> Your objective: Restate the data word for word. Leave the pictures out.

> Source data:
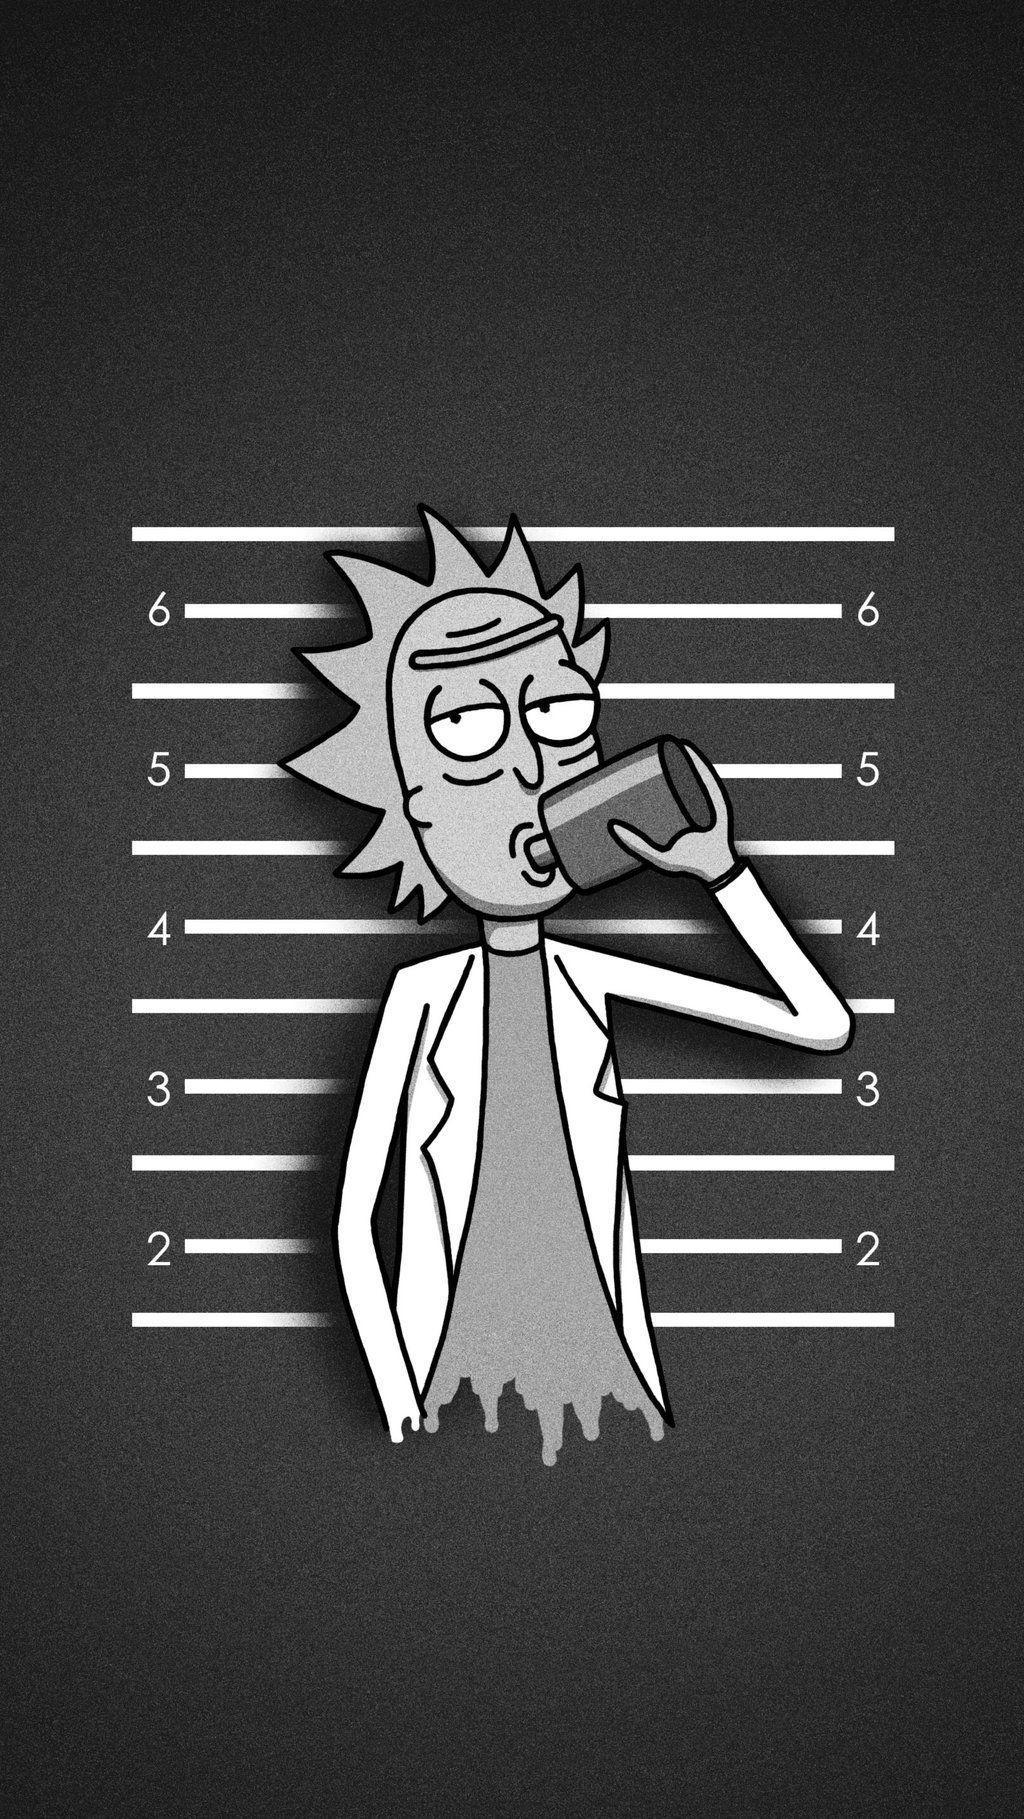 Depressing Cartoon Wallpapers Top Free Depressing Cartoon
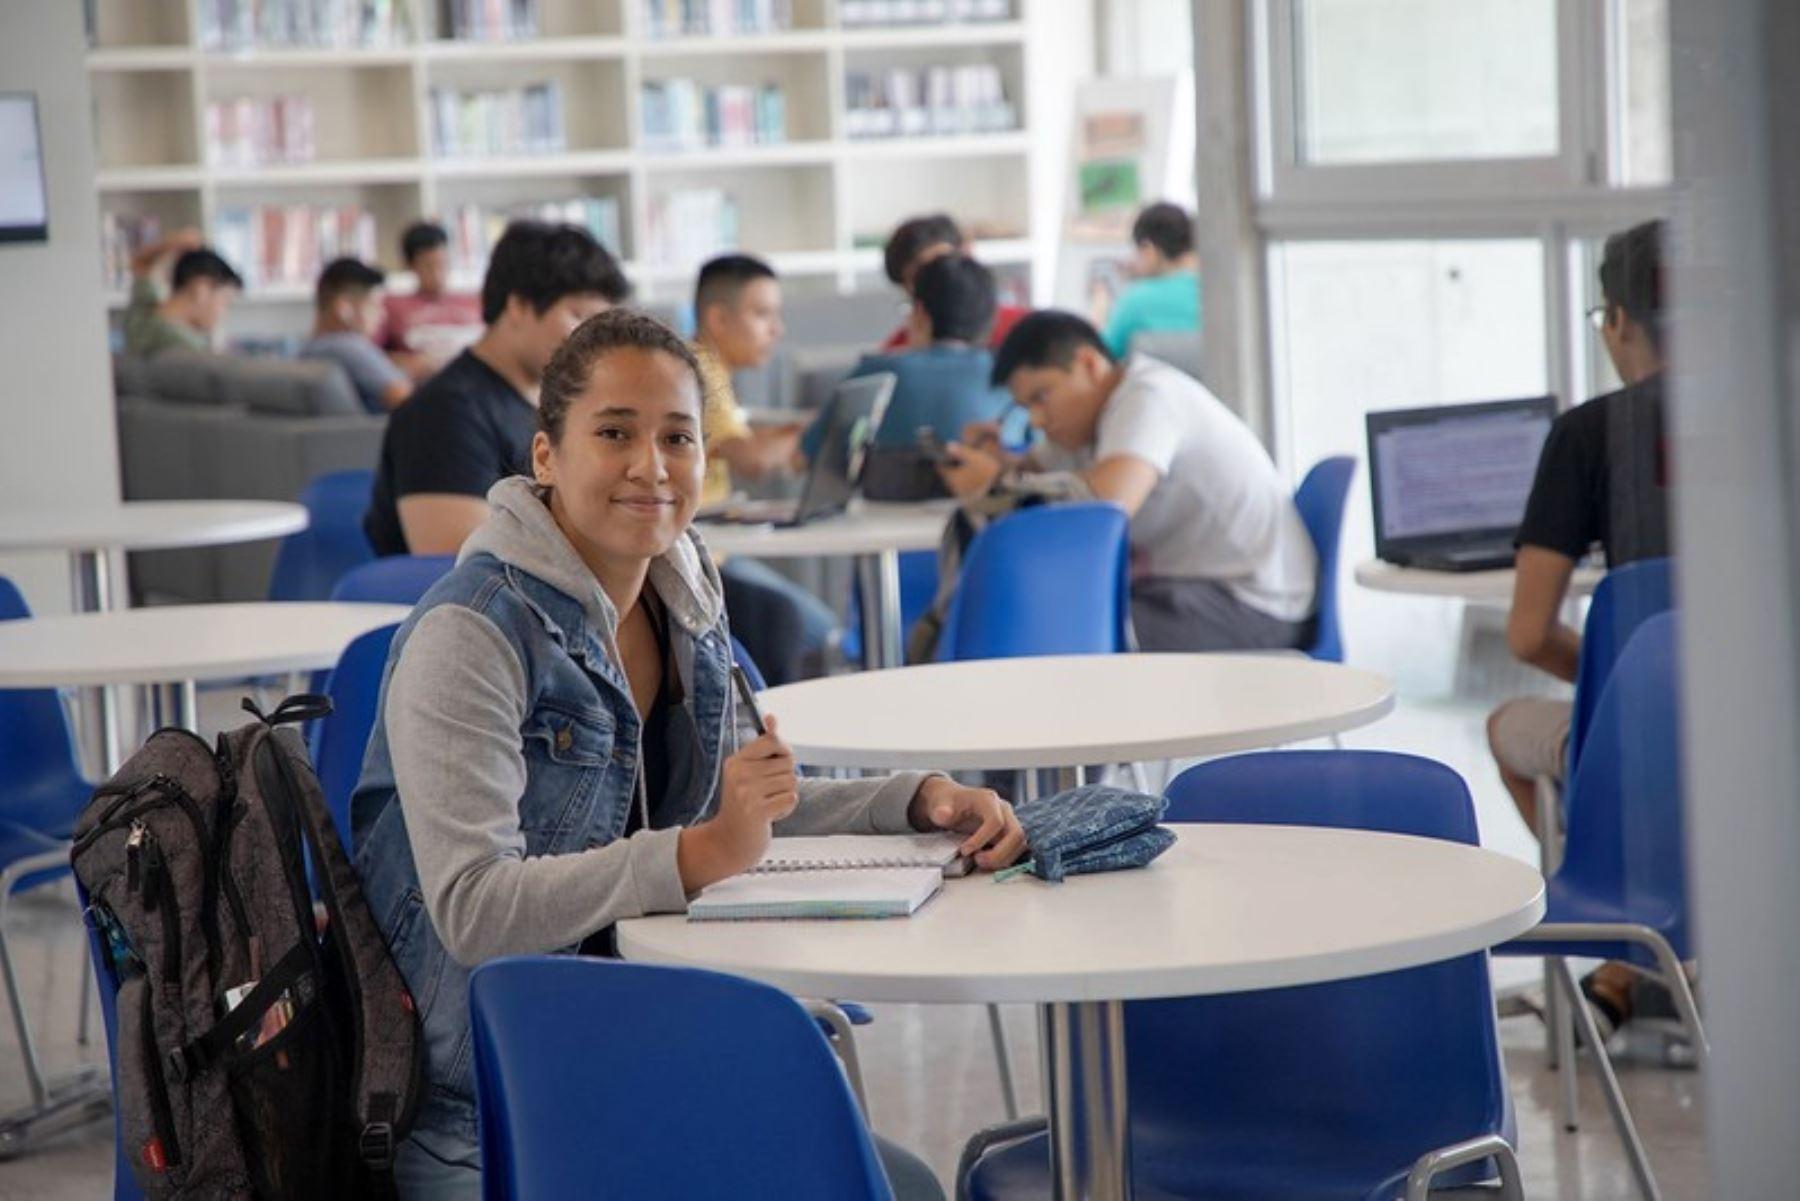 Pronabec lanza 10,000 becas para estudiantes afectados por la emergencia. Foto: ANDINA/Difusión.
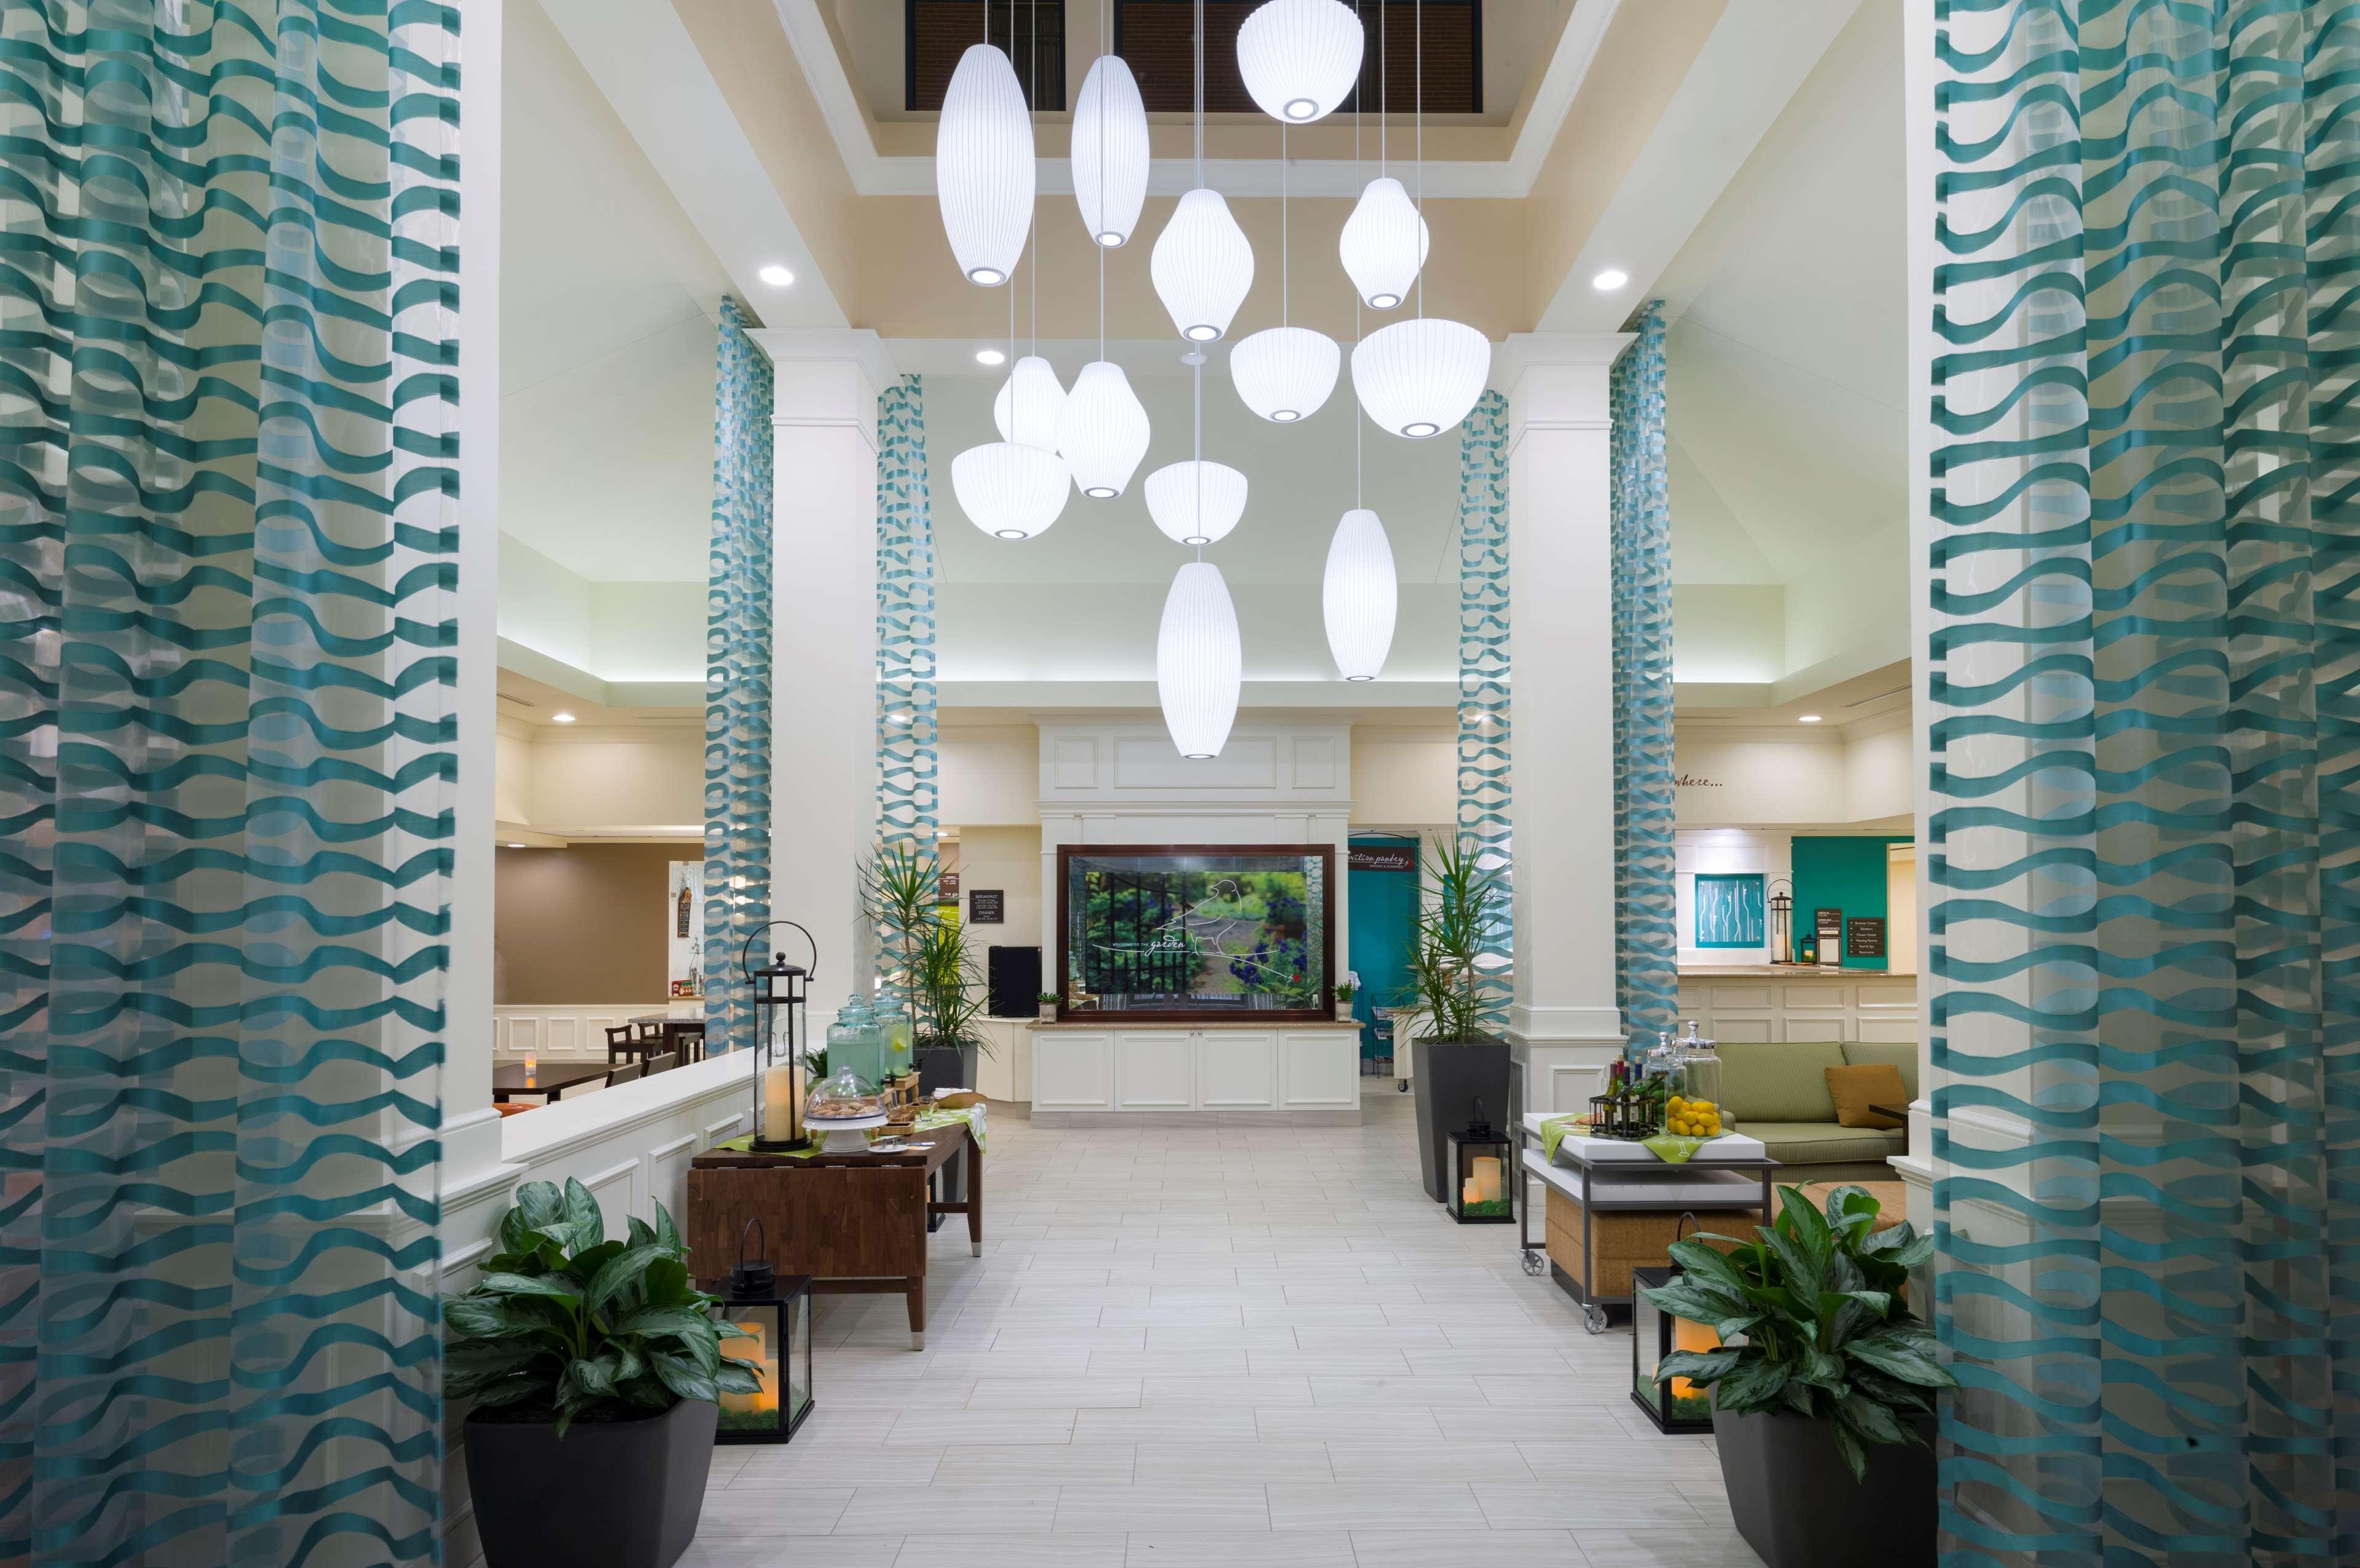 Hilton Garden Inn Hartford South/Glastonbury image 6

> Answer for the task:
 Depressing Cartoon Wallpapers Top Free Depressing Cartoon
 Pronabec lanza 10,000 becas para estudiantes afectados por la emergencia. Foto: ANDINA/Difusión.
 Hilton Garden Inn Hartford South/Glastonbury image 6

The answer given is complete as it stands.